How to complete this task:
The whole listing, exactly as given: write it out, leaving out each image.

Source data:
.....

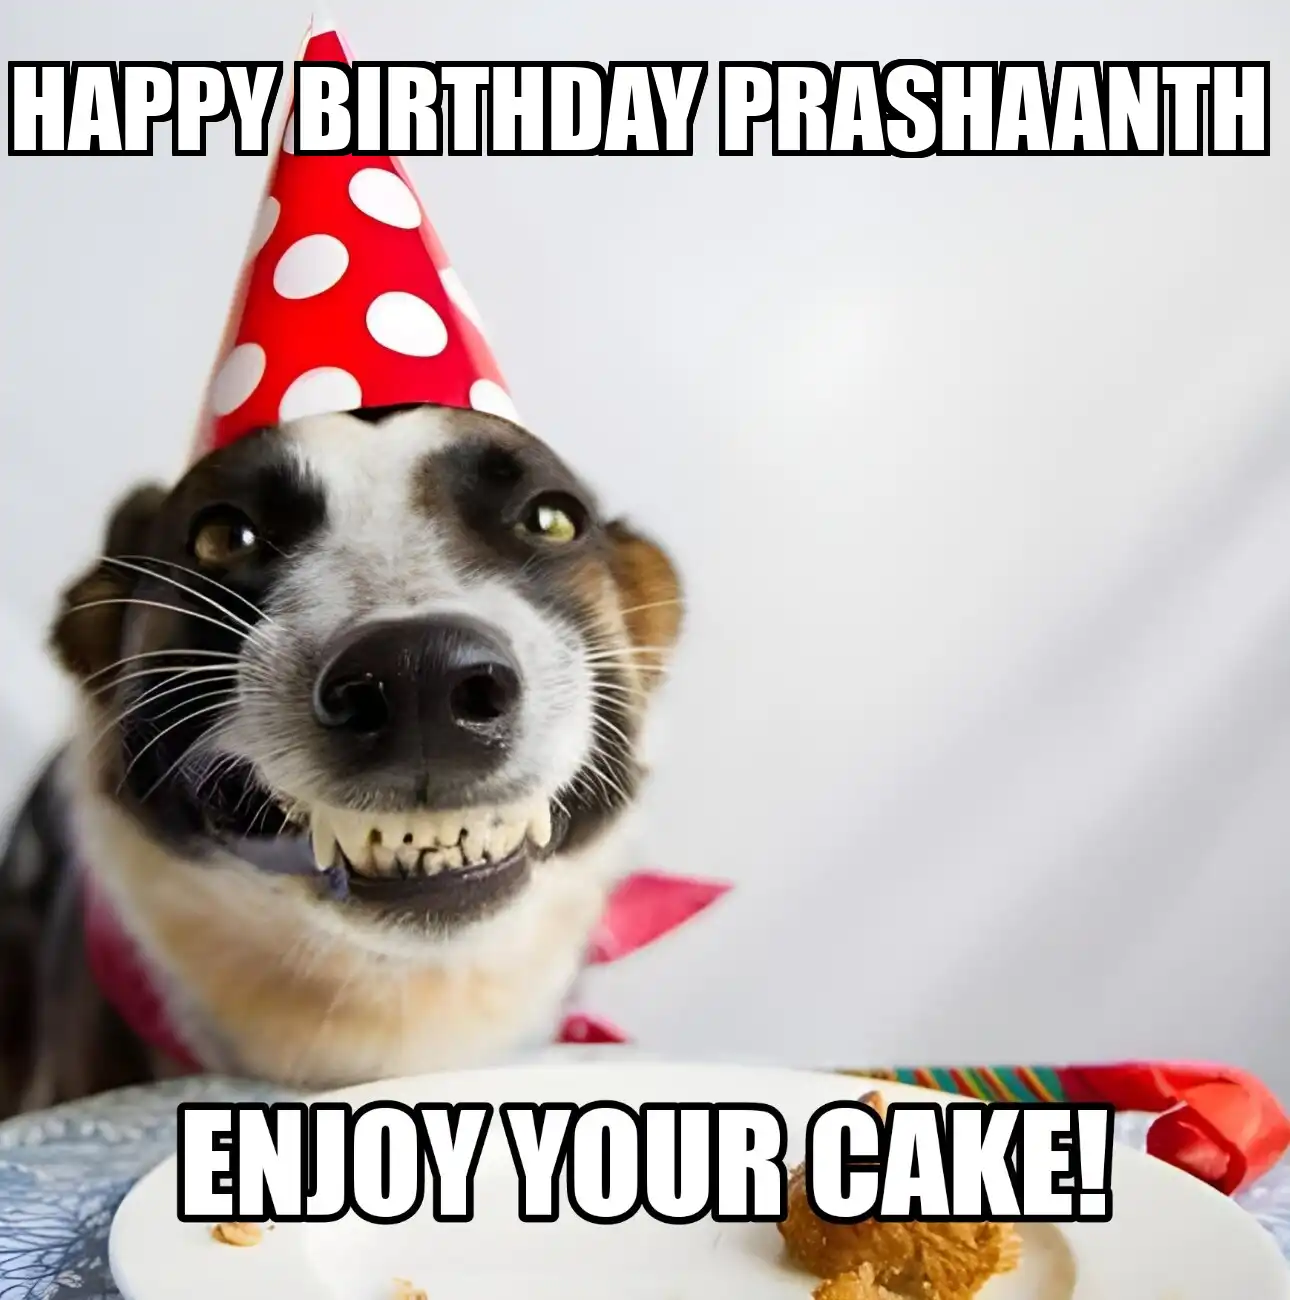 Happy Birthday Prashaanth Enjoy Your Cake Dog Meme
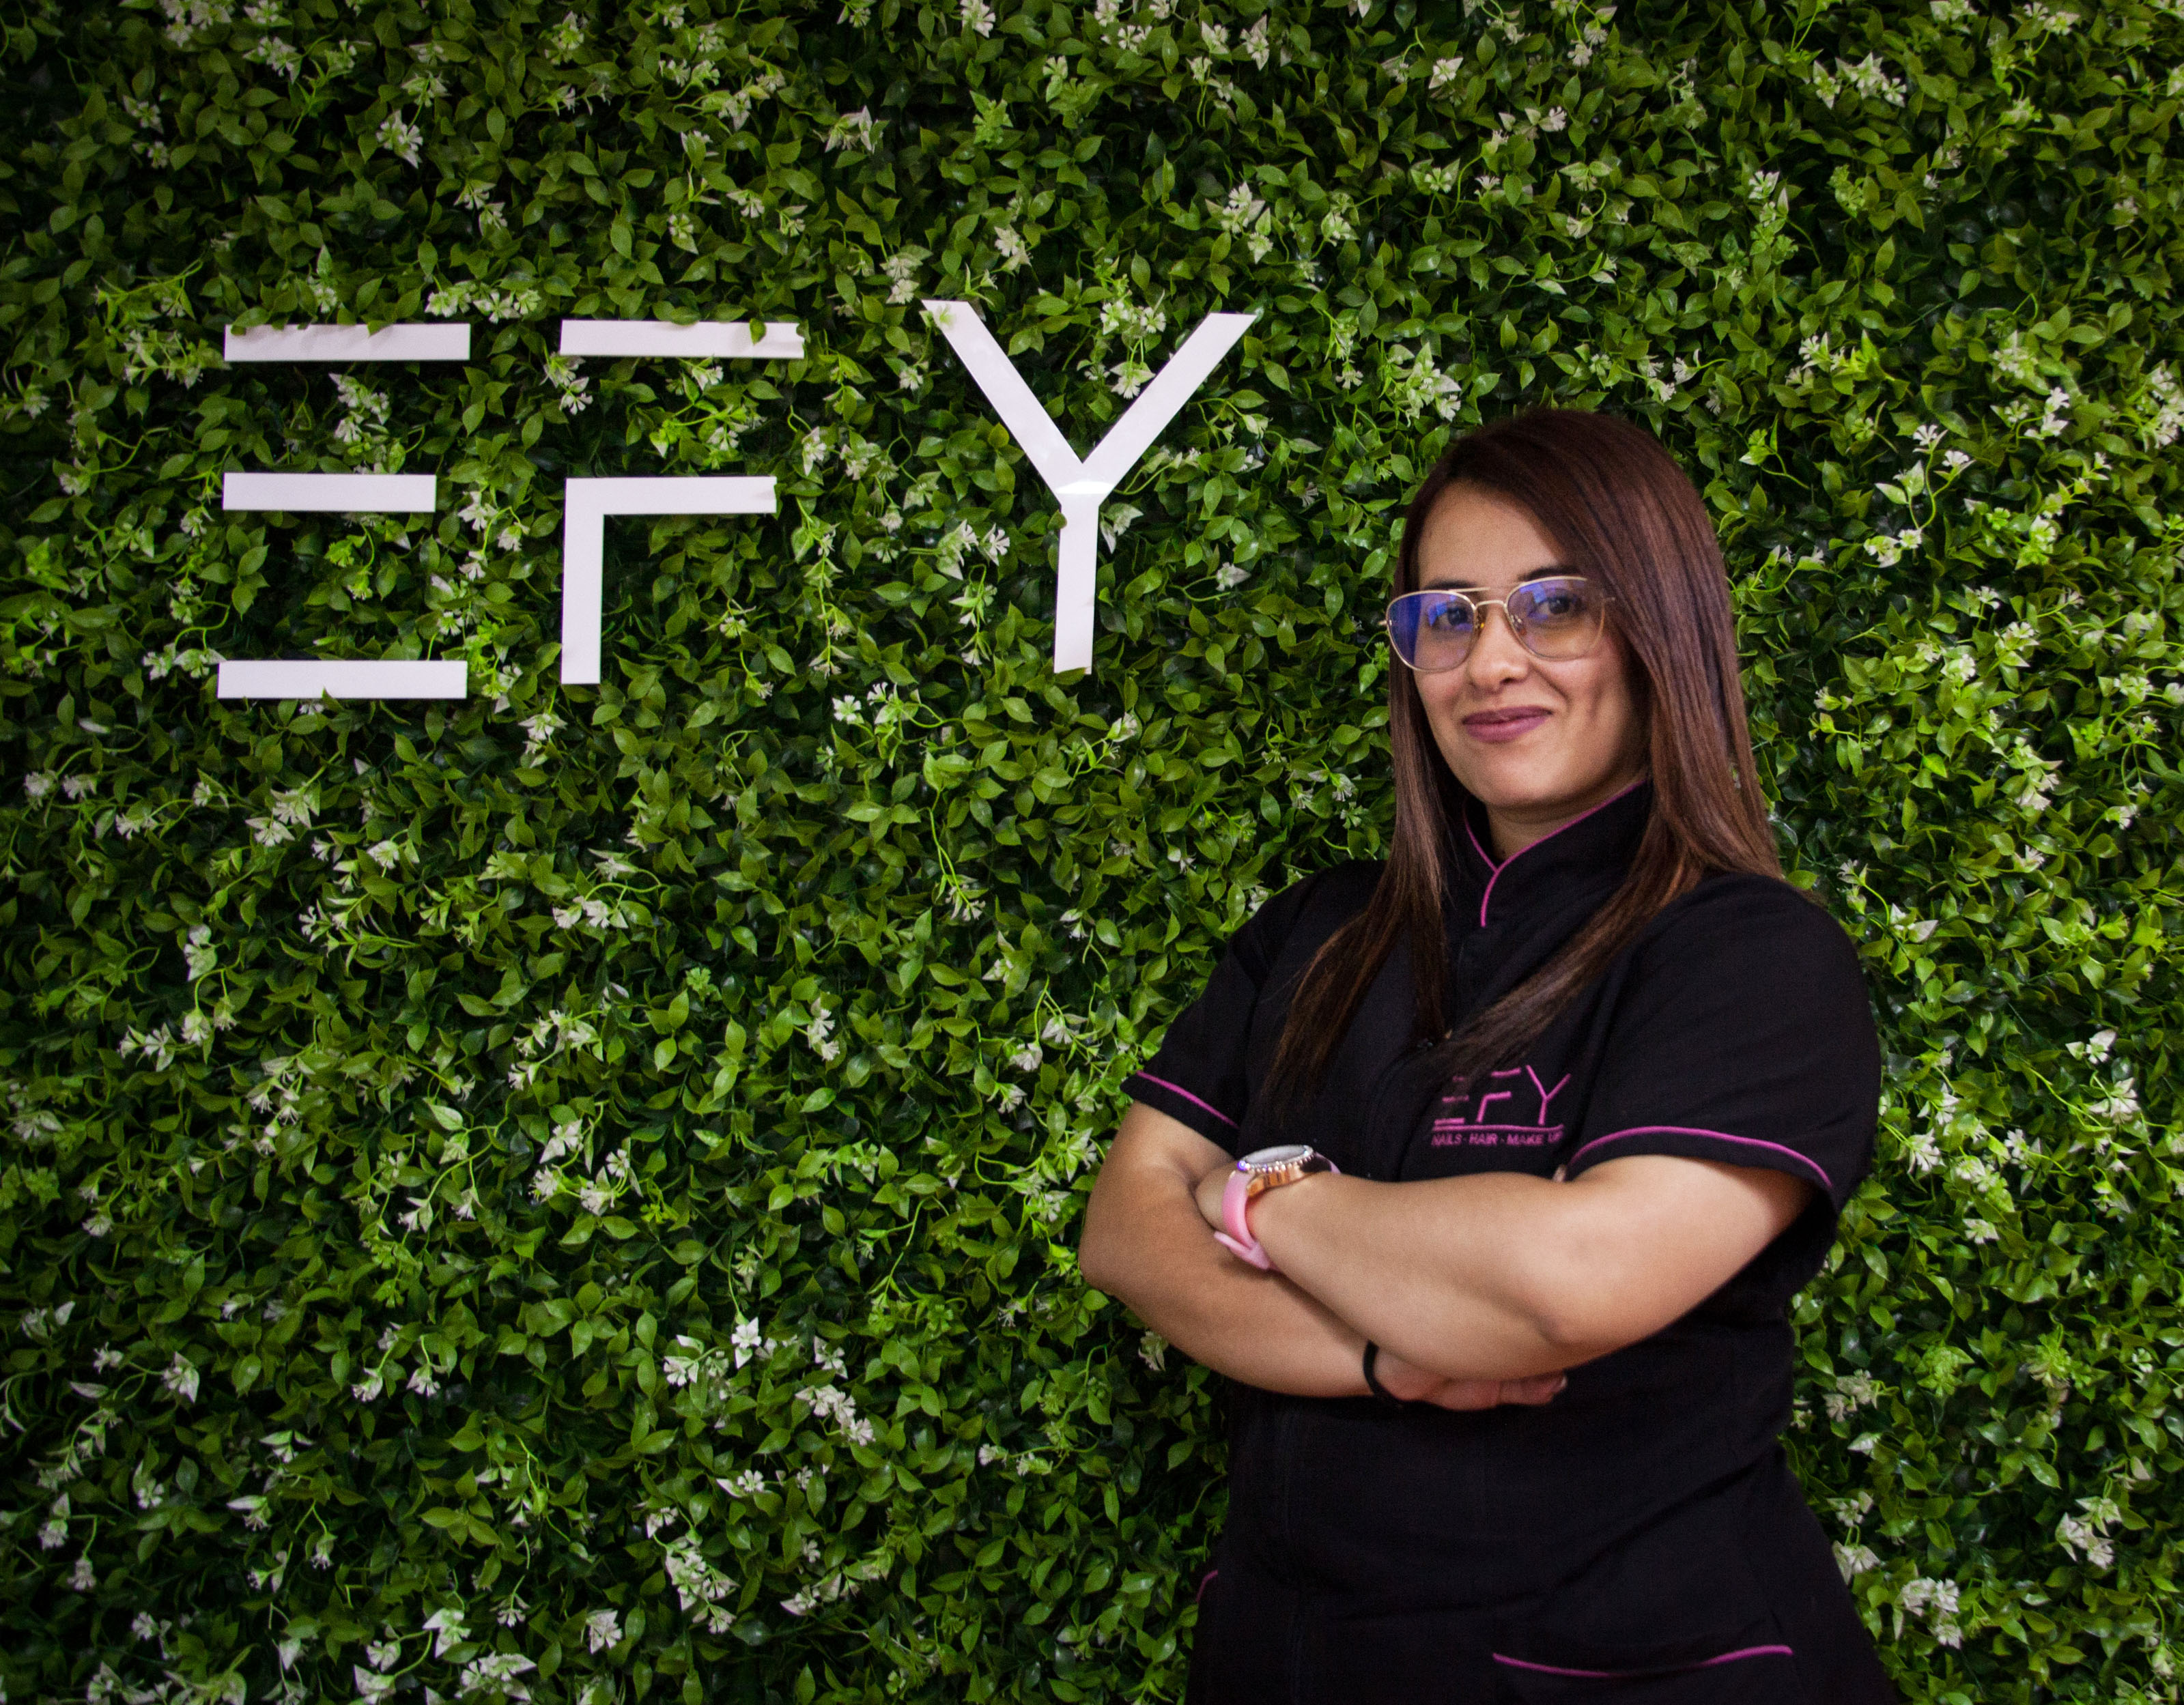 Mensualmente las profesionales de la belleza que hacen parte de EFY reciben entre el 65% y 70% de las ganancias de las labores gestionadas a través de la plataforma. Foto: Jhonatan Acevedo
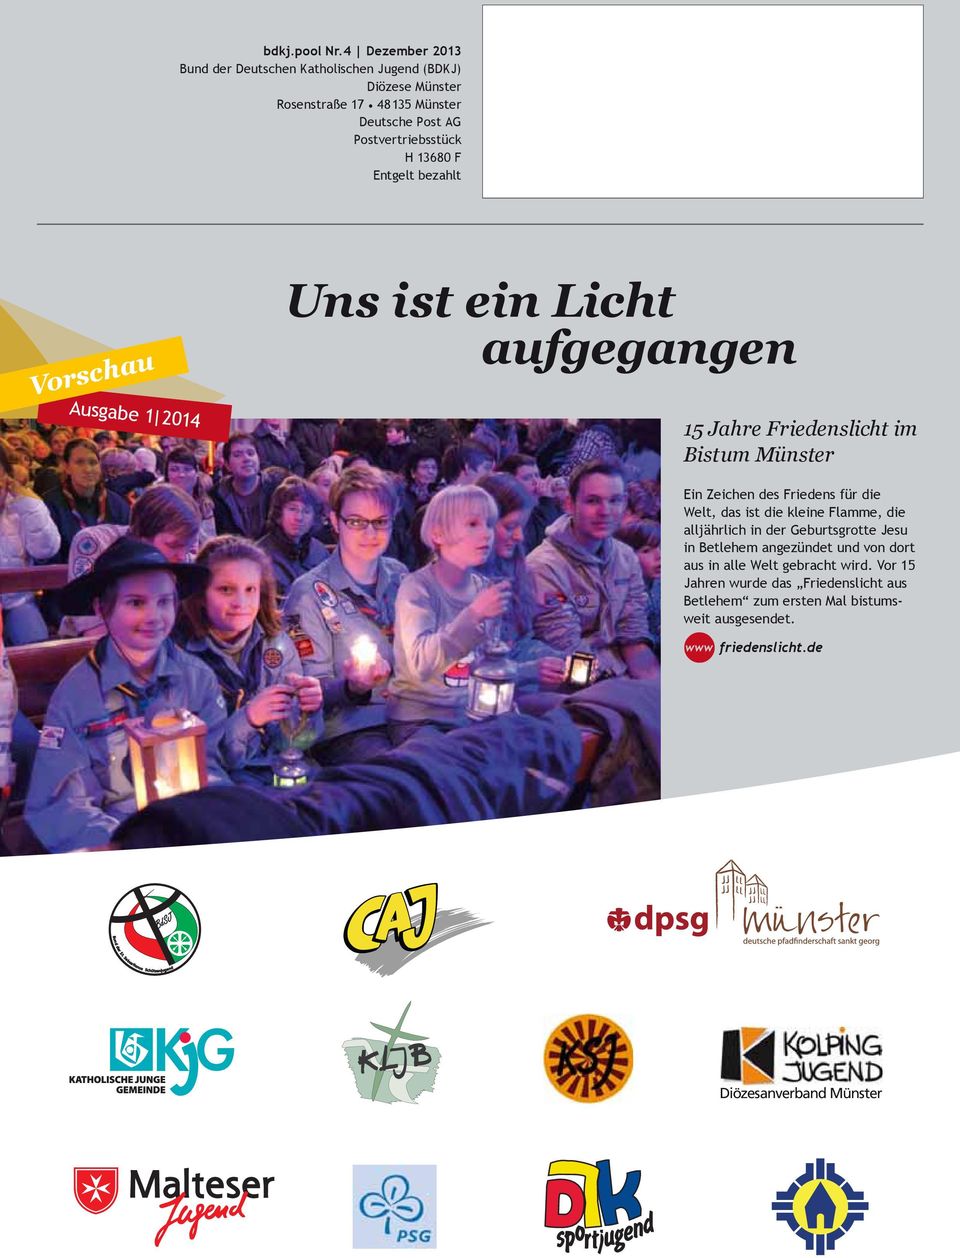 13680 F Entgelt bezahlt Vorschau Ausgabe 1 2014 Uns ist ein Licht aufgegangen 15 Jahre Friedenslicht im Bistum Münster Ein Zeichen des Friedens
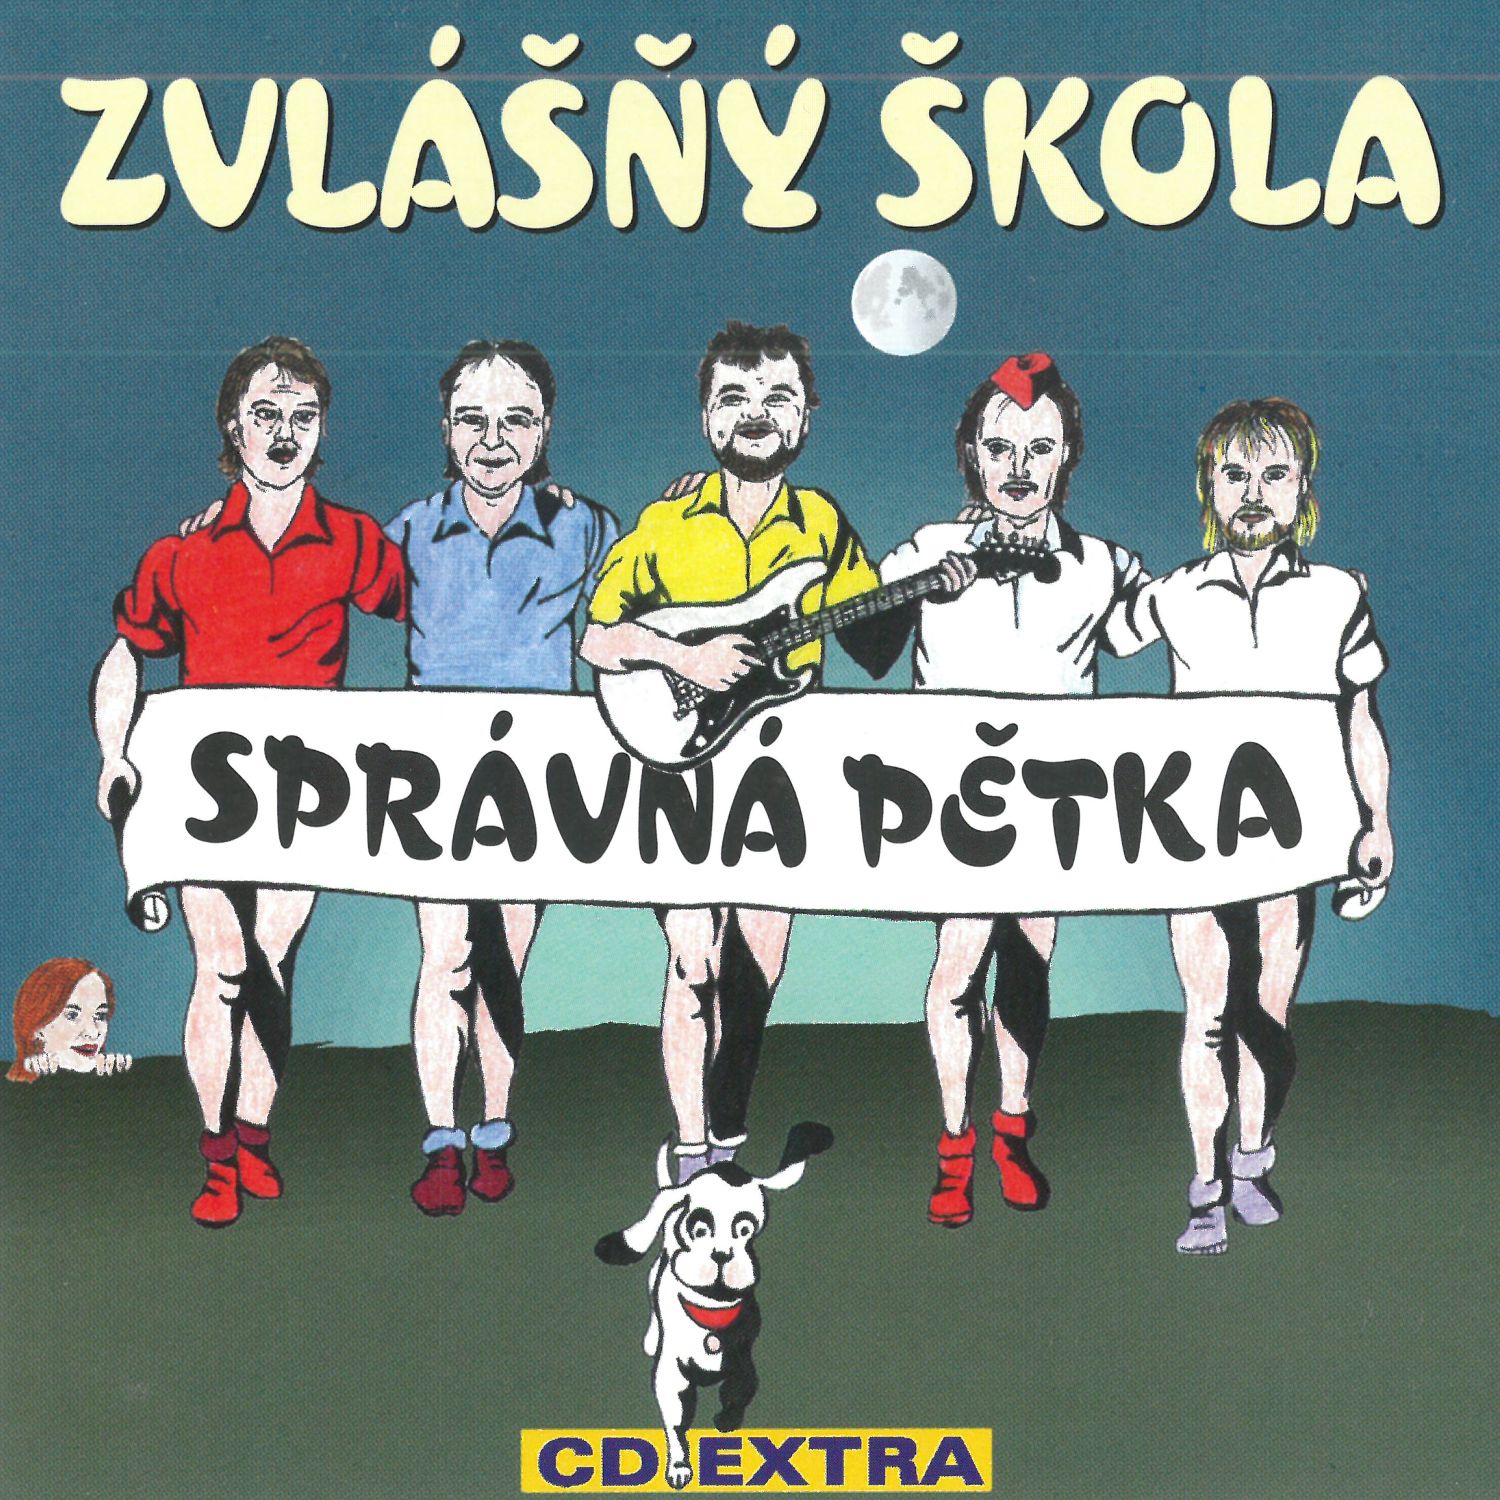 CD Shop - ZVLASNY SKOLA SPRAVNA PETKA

.....

Task output:
 Happy Birthday Prashaanth Enjoy Your Cake Dog Meme
 Mensualmente las profesionales de la belleza que hacen parte de EFY reciben entre el 65% y 70% de las ganancias de las labores gestionadas a través de la plataforma. Foto: Jhonatan Acevedo
 13680 F Entgelt bezahlt Vorschau Ausgabe 1 2014 Uns ist ein Licht aufgegangen 15 Jahre Friedenslicht im Bistum Münster Ein Zeichen des Friedens
 CD Shop - ZVLASNY SKOLA SPRAVNA PETKA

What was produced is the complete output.